Examining the map, she realized how ridiculously unhelpful it was. Firstly, the city was very crowded, and the tall buildings leaned in on the streets like stuffy bureaucrats. That plus the amount of smog in the air made it next to impossible to even judge direction by the sun. Wilhelmina shook her head in frustration. What good was a map if you couldn't tell North from South? She turned the map around a few times and then craned her neck in search of a street sign. Her hat teetered dangerously on her head, but the small squeak of distress that came from inside it was completely lost in the din of the traffic. All she could see, though, were a couple of lonely-looking poles -- apparently the nearby signs had all been stolen.
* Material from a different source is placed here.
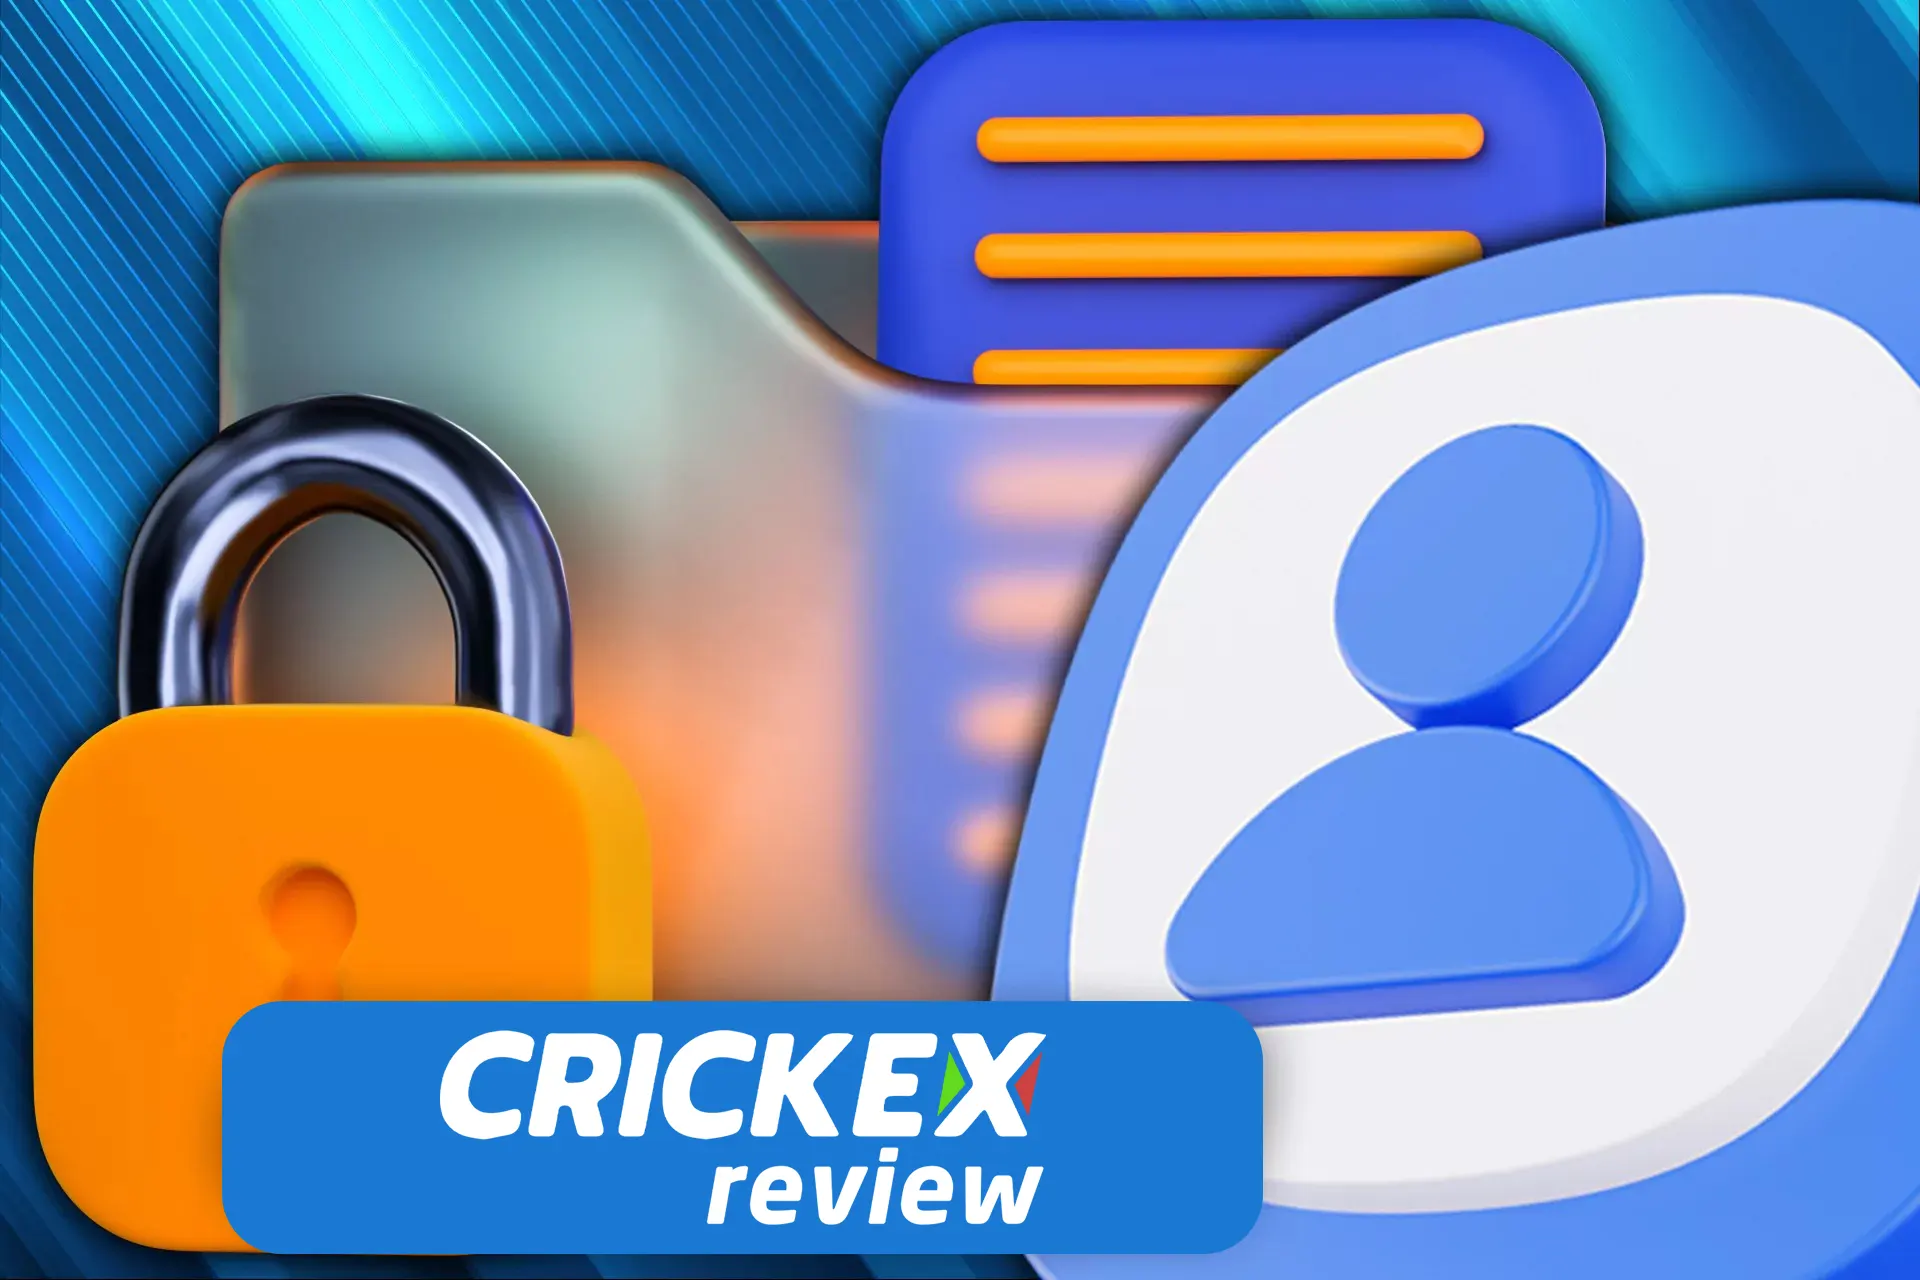 Crickex protects tha users personal data and money from fraud.

"Honestly!" she complained. "Civilization, they say? Ha!" She scanned the sky again and decided that the hazy circle of light behind the smog had to be the sun, however pitiful it appeared. "Alright... it's still morning, so that'll be East." She aligned her map in accordance and stepped back into the street, vowing to give anyone else who spat on the ground near her a smart whack with her walking stick.

She hadn't even gotten to the corner when she felt a tap on her arm. Turning about (and looking slightly downward) she saw that it was the Dwarf. "Oh, hello," she said. "Where did you come from?"

"I've been shouting your name, but you didn't hear," he said. "Do you know where everyone is?"

"No," Wilhelmina told him. "But no matter. I didn't like the look of the others very much. That Panakeia's nothing but a scamming charlatan. And that man looked too mopey, like one of those emo kids... what was his name? Waldo, or something like that..."

The dwarf was about to reply, but they were both distracted by the sheer garishness of the yellow van that pulled up next to them. Blimmin' Barblecashing Corpulation? What in Middle-earth was that?

Before she knew what was happening, a man was shoving an ice-cream-cone-shaped object in her face and asking for her name. "Wilhelmina Brochenbach," she said with some confusion. "What's it to you?"

"You're on our show," the man hissed, showing off his bad teeth.

"A show? I don't have time to be on any kind of reality show! I have somewhere to be!"

"Of course you've got somewhere to be -- on top! You're going to be a star," enthused the host.

"You get away from me, and take that stupid thing out of my face," she ordered in what she hoped was a menacing tone.

"Sorry, deary, but we've a contract from the guv'ment saying that we have the right to film you." He held up a piece of paper which bore the seal of none but Anakron himself. Wilhelmina made a mental note to give him a piece of her mind when next she saw him. But as the man led her away, she began to wonder if that would even happen.